Although earlier Proterozoic and Archean events are not the primary focus of this study, and uncertainties this far back are large, we observe long branches leading to the Eukarya/Archaea split, followed by a radiation of extant Eukarya/Archaea (V-type ATPases) and Eubacteria (F-type ATPases) around 2,000–2,500 Mya. Because the rise in molecular oxygen in the atmosphere occurred around the same time, it is tempting to speculate that this synchronized radiation of extant life across all three kingdoms was somehow facilitated by the GOE and that all extant life-forms are the descendants of lineages that most successfully adapted to the changing biogeochemistry in ocean surfaces.

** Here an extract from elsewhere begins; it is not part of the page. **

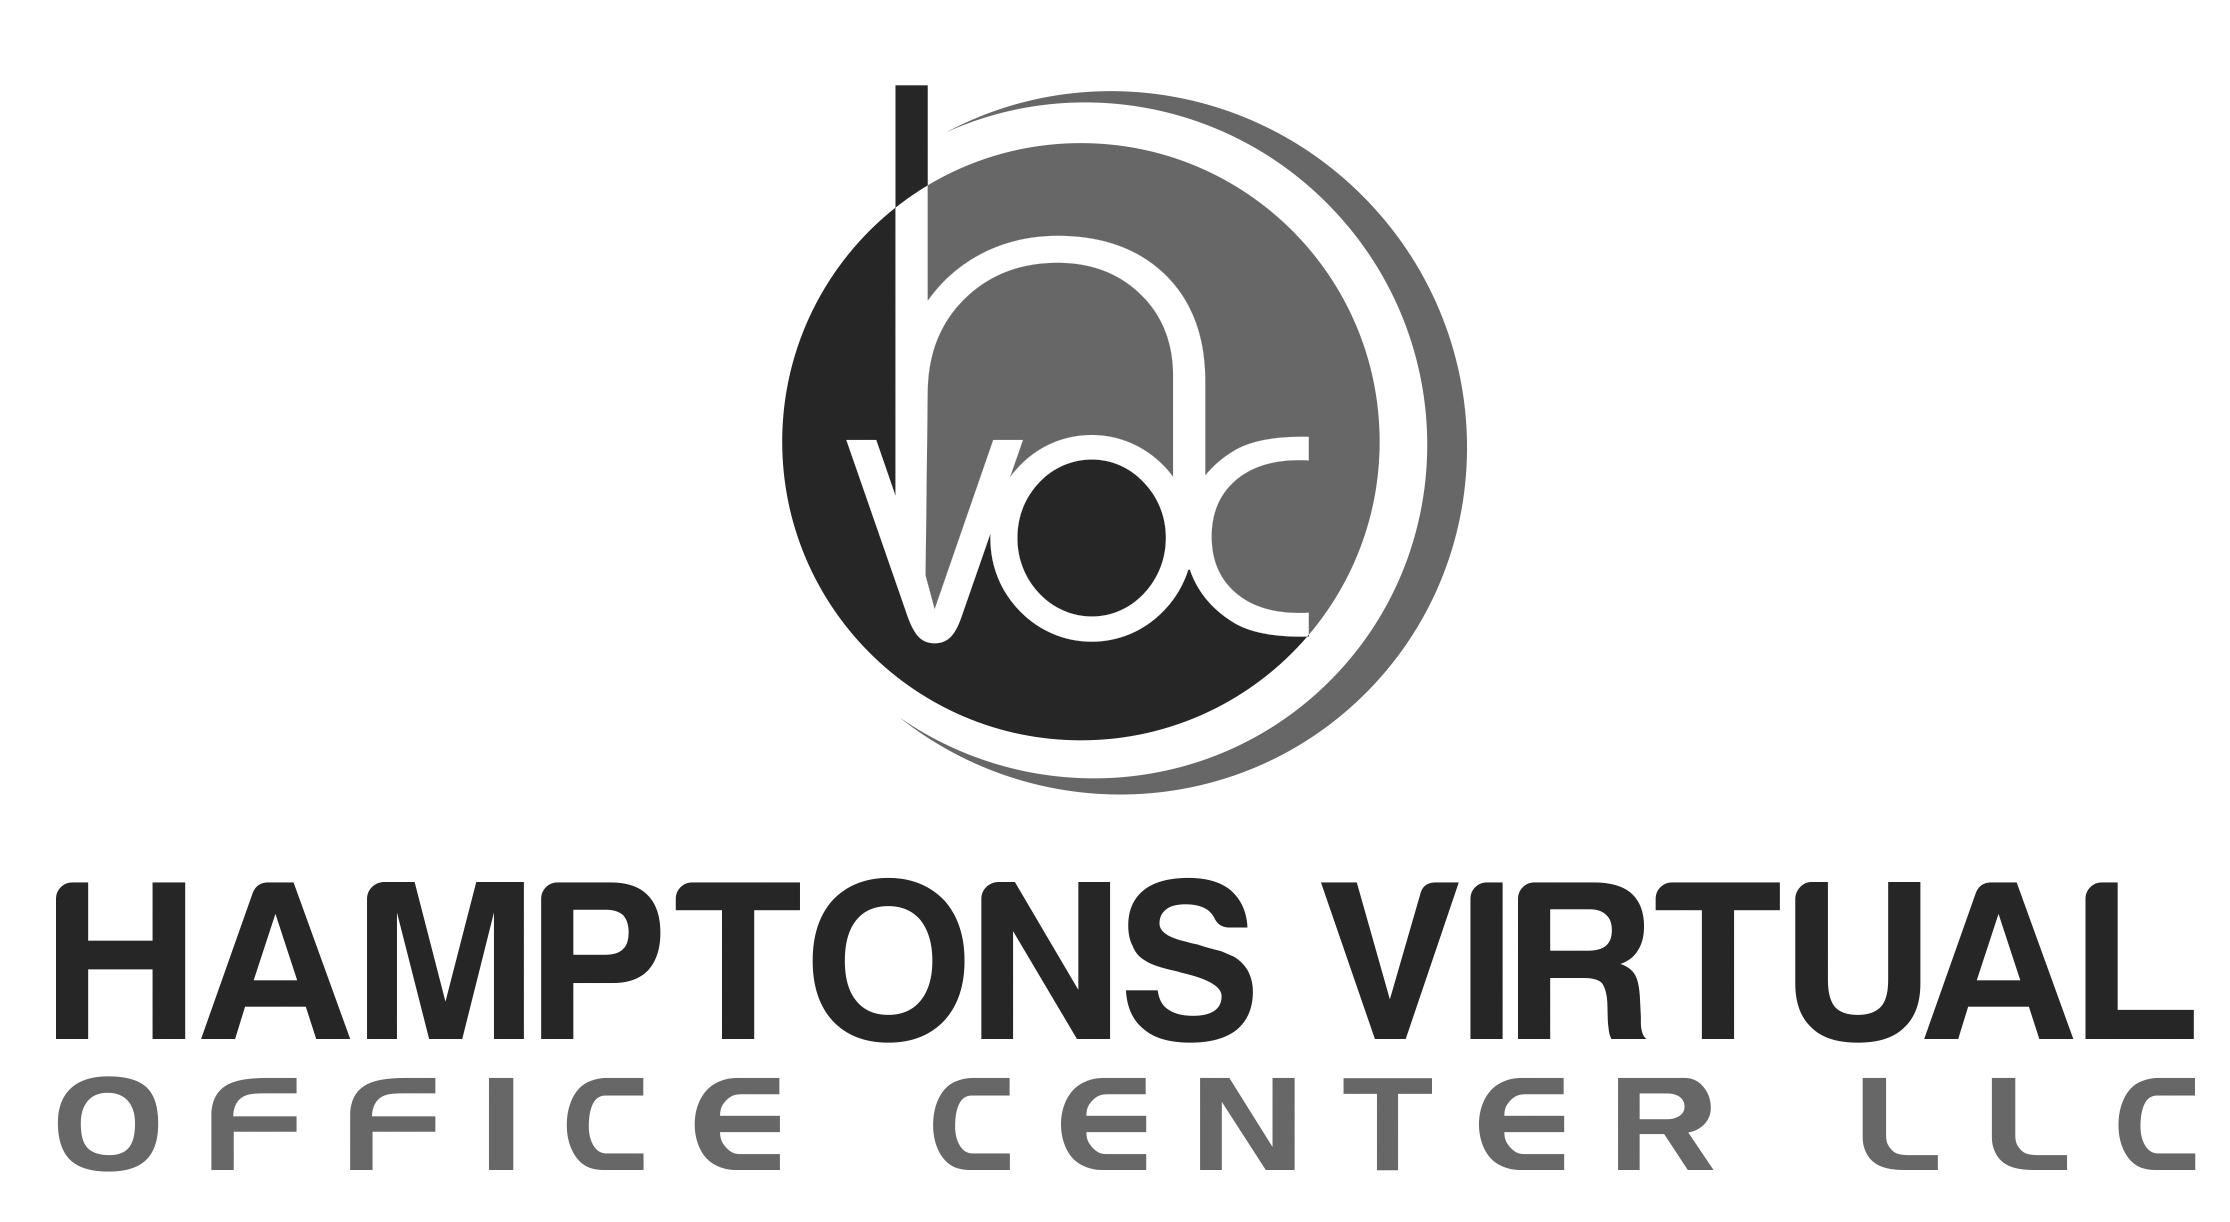 Hamptons Virtual Office Center_gray.png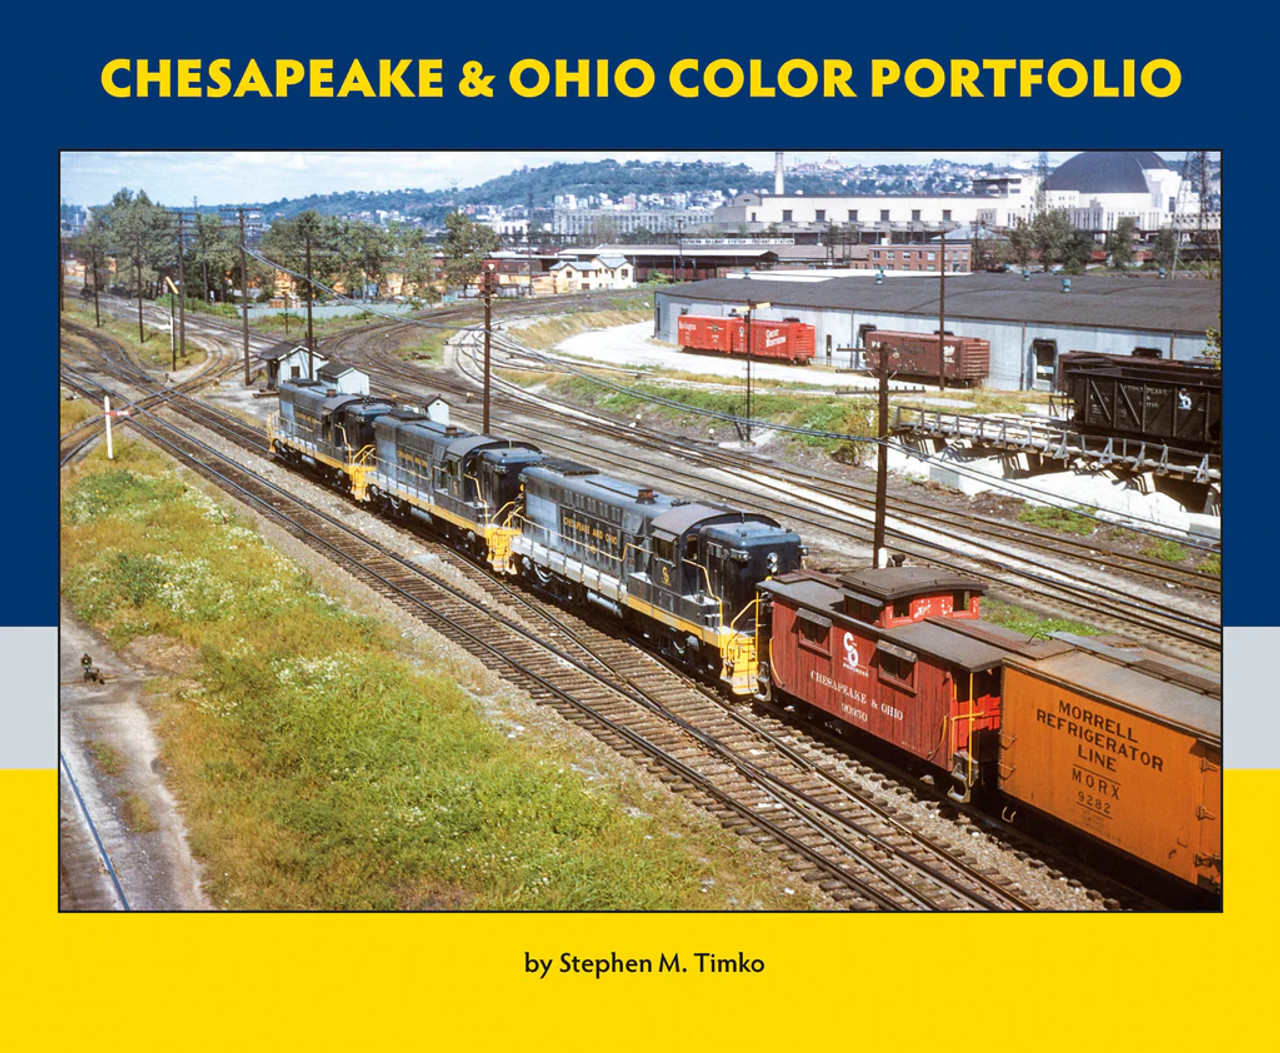 Morning Sun 7979 Chesapeake & Ohio Color Portfolio (Softcover)

Dating Symbiosis Events: Ef-Tu.
Because there may be inherent biases between particular markers used for any phylogenetic analysis, we extended our cross-calibration study to Ef-Tu because of its similar evolutionary history to ATPases, which allows for cross-calibration. Bacterial Ef-Tu and its eukaryotic/archaeal homolog, translation elongation factor 1α (EF-1α), allow for entry of aminoacyl tRNAs into the ribosome, and thus are considered conserved, slowly evolving proteins, decreasing the chance of saturation and high rate variability. The dates estimated from the Ef-Tu chronogram were similar to the dates attained from the ATPase analysis: 1,188 Mya for plastid endosymbiosis and1,196 Mya for mitochondrial endosymbiosis (Table 1; SI Appendix, Fig. S10). Estimations of deeper nodes such as the split between Archaea and Eukarya (1,528 Mya) differed from the ATPase results by almost 800 Mya. This is not surprising, as many of these nodes may inherently be difficult to estimate because of the lack of signal from a saturation of amino acid substitutions (20).
Conclusion
Cross-calibration and cross-bracing, using duplication or endosymbiosis events, provide useful advantages compared with conventional molecular dating. First, they increase the sampling and sequence data used, which improves accuracy of the dating of internal nodes (41, 42). Second, by increasing the number of sequences that are cross-calibrated, they decrease the chance of artifacts being introduced by underestimated rate variation. Just as there are multiple calibration points for a given divergence event, a divergence event will be estimated multiple times on the tree. Third, the increase in calibration points allows for the use of more well-accepted calibration points closer to the tips of the tree, rather than relying on older and more contentious microscopic, Precambrian fossils.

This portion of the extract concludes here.